Through the previous chapter it is obvious that the BF algorithm is also a prefix algorithm, but the efficiency of one-by-one matching is very arrogant. Naturally, it is not necessary to mention O(mn). KMP, which is annoying online, explains a lot. They are basically taking the high-level route and you may be confused. I tried to use my own understanding to describe it in the most down-to-earth way
KMP
KMP is also an optimized version of the prefix algorithm. The reason why it is called KMP is the abbreviation of the three names of Knuth, Morris, and Pratt. Compared with BF, the optimization point of the KMP algorithm is "the distance of each backward movement" It will dynamically adjust the moving distance of each pattern string. BF is 1 every time,
Not necessarily for KMP
As shown in the figure, the difference between BF and KMP pre-algorithm is compared
I compared the pictures and found out:
Search for the pattern string P in the text string T. When it naturally matches the sixth letter c, it is found that the second level is inconsistent. Then the BF method is to move the entire pattern string P by one place, and KMP is to move it by two places. .

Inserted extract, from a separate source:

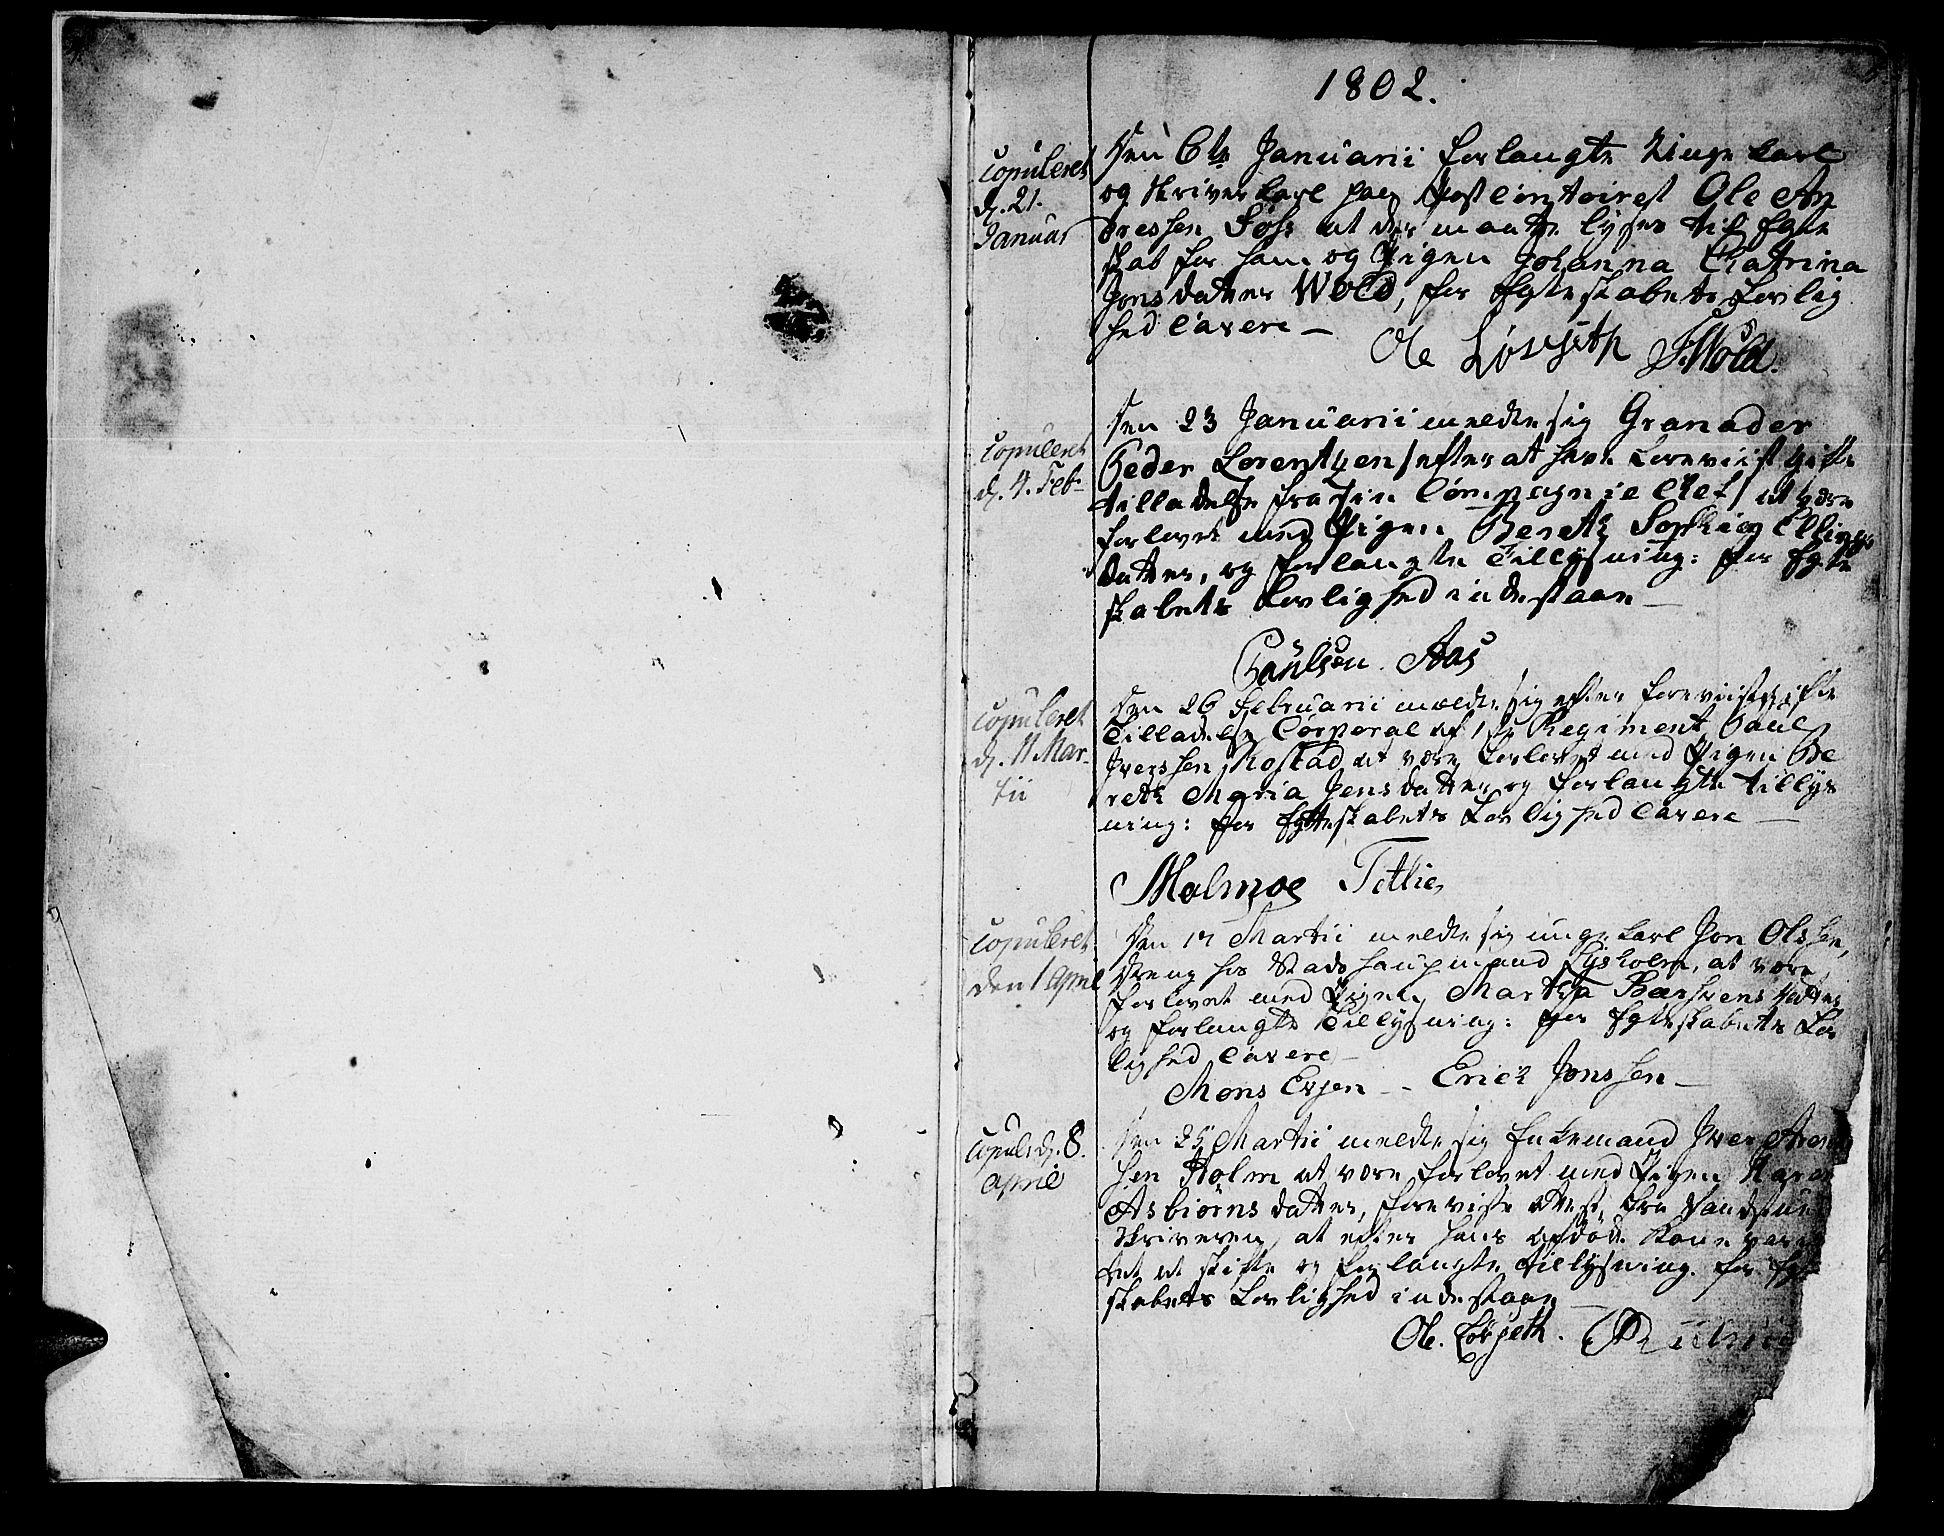 SAT, Ministerialprotokoller, klokkerbøker og fødselsregistre - Sør-Trøndelag, 601/L0042: Parish register (official) no. 601A10, 1802-1830, p. 4-5

We know the matching method of BF, but why does KMP move two digits instead of one or three or four digits?
Let’s explain the previous picture. The pattern string P is correct when it matches ababa, and it is wrong when it matches c. Then the idea of the KMP algorithm is: ababa is correctly matched. Information, can we use this information to not move the "search position" back to the position that has been compared, but continue to move it backward, which improves efficiency.
Then the question is, how do I know how many positions to move?

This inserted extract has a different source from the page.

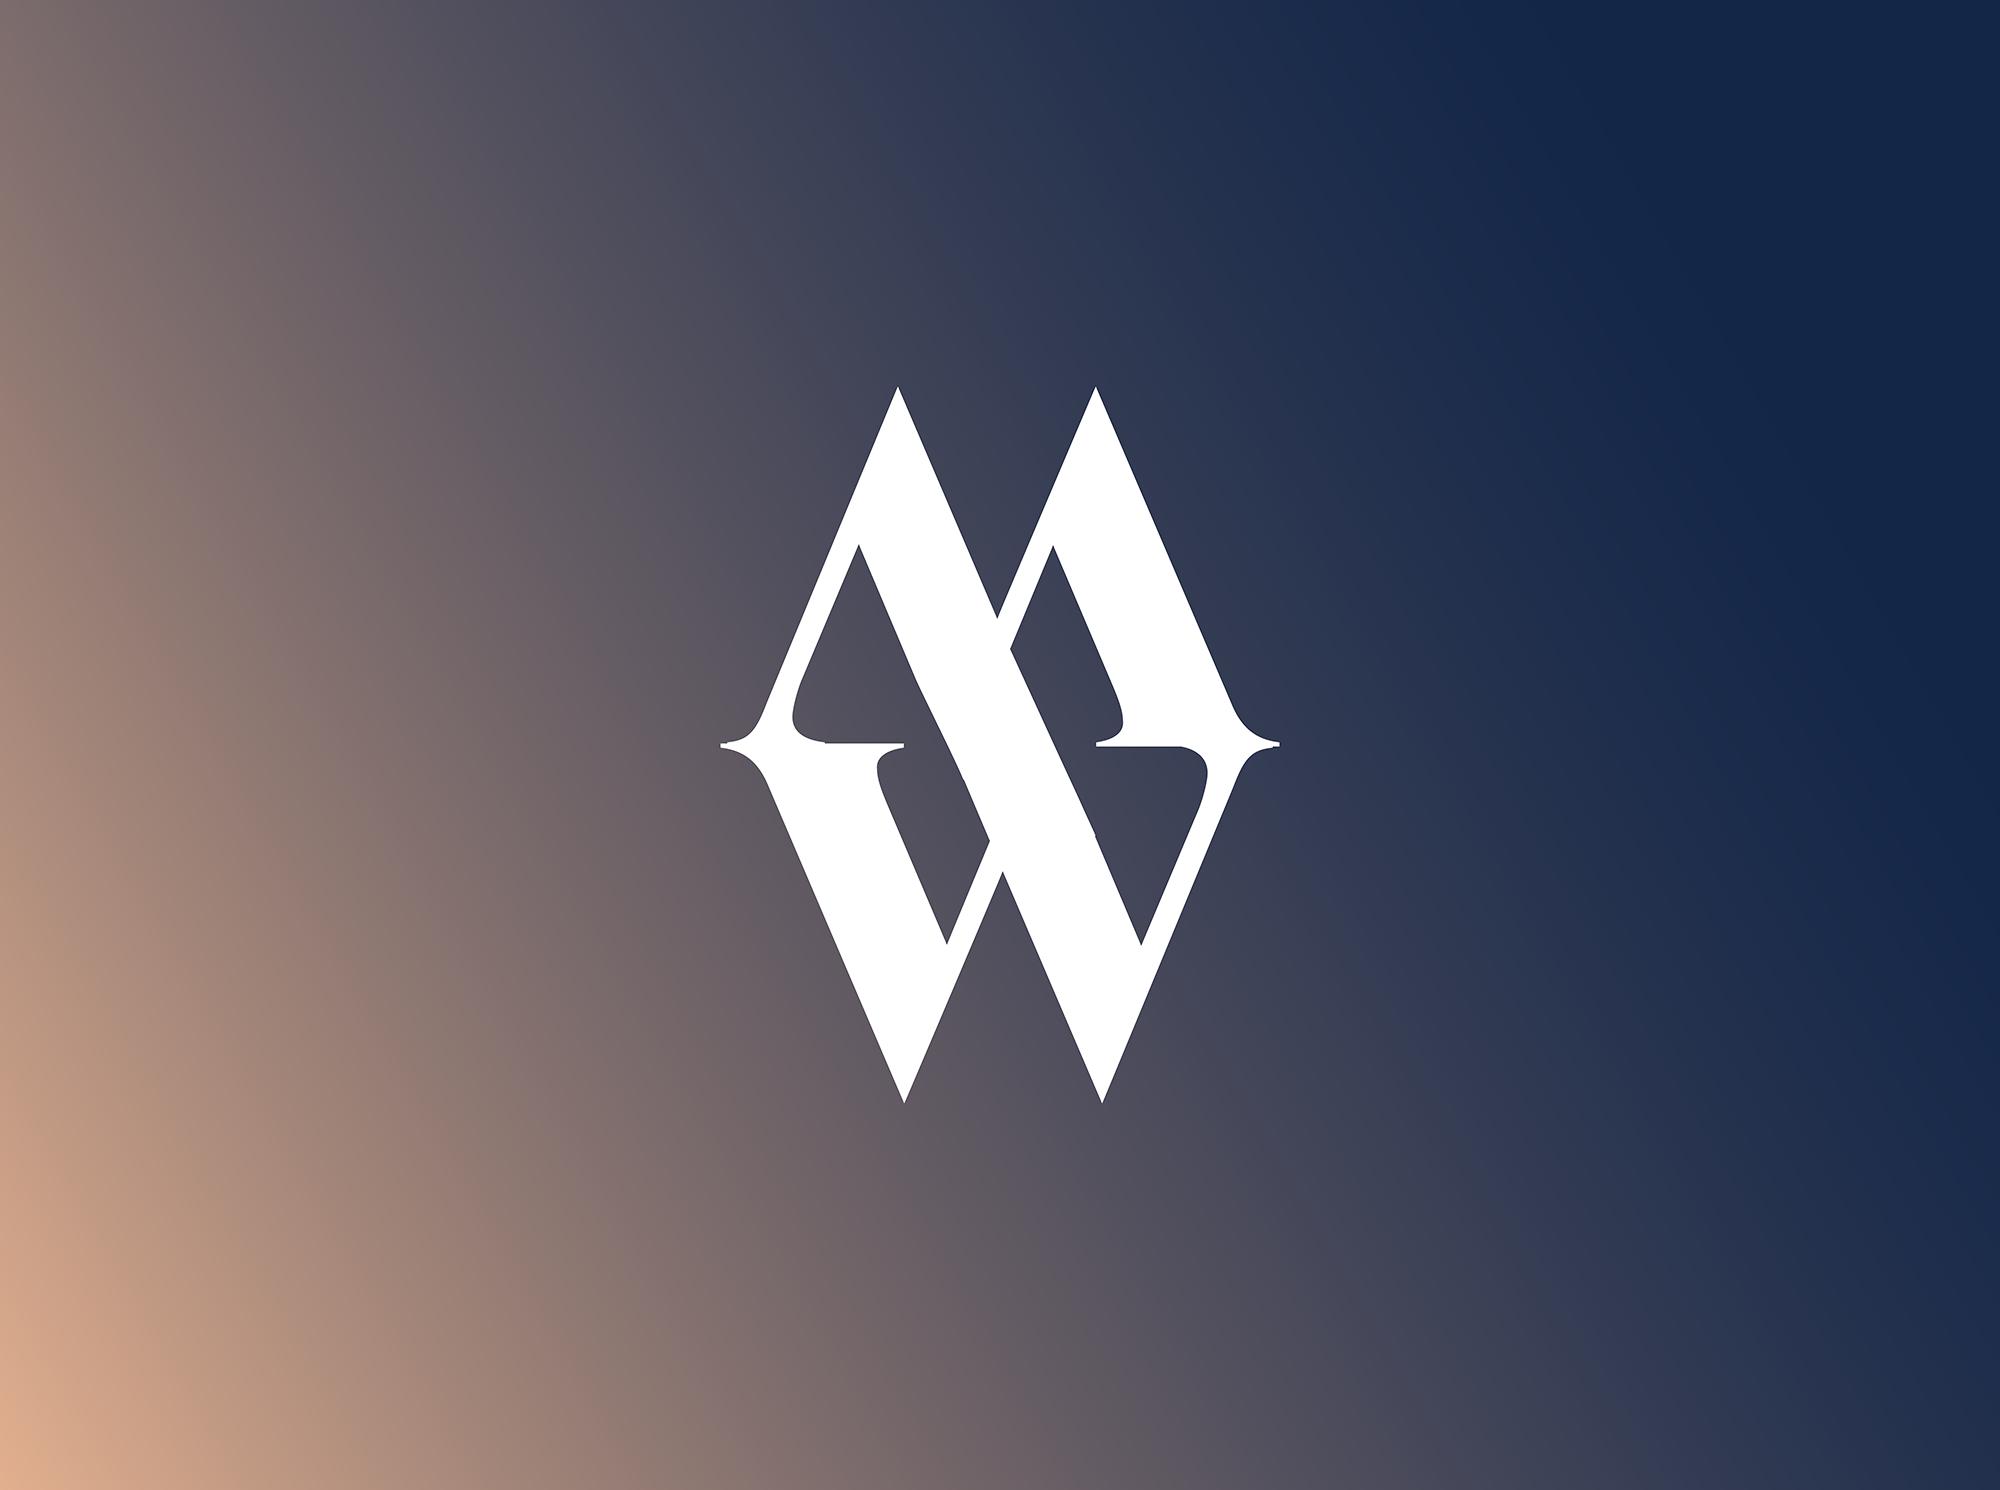 MWEK Logo variation on a pink blending with navy gradient background

The authors of this offset algorithm KMP have summarized it for us:
Shifting digits = Number of matched characters - Corresponding partial matching value
The offset algorithm is only related to substrings, not text strings, so special attention needs to be paid here
So how do we understand the number of matched characters in the substring and the corresponding partial matching value?
Matched characters:
T : abababaabab
p : ababacb
The red mark in p is the matched character, which is easy to understand
Partial match value:
This is the core algorithm, and it is also difficult to understand
If:
T:aaronaabbcc
P:aaronaac
We can observe this text. If we make an error when matching c, where will our next move be based on the previous structure? Where is the most reasonable move?
aaronaabbcc
aaronaac
That is to say: within the pattern text, if the beginning and end of a certain paragraph of characters are the same, then this paragraph of content can be skipped during natural filtering. This idea is also reasonable
Knowing this rule, the partial matching table algorithm given is as follows:
First of all, you need to understand two concepts: "prefix" and "suffix". "Prefix" refers to all the head combinations of a string except the last character; "suffix" refers to all the tail combinations of a string except the first character.
"Partial matching value" is the length of the longest common element between "prefix" and "suffix""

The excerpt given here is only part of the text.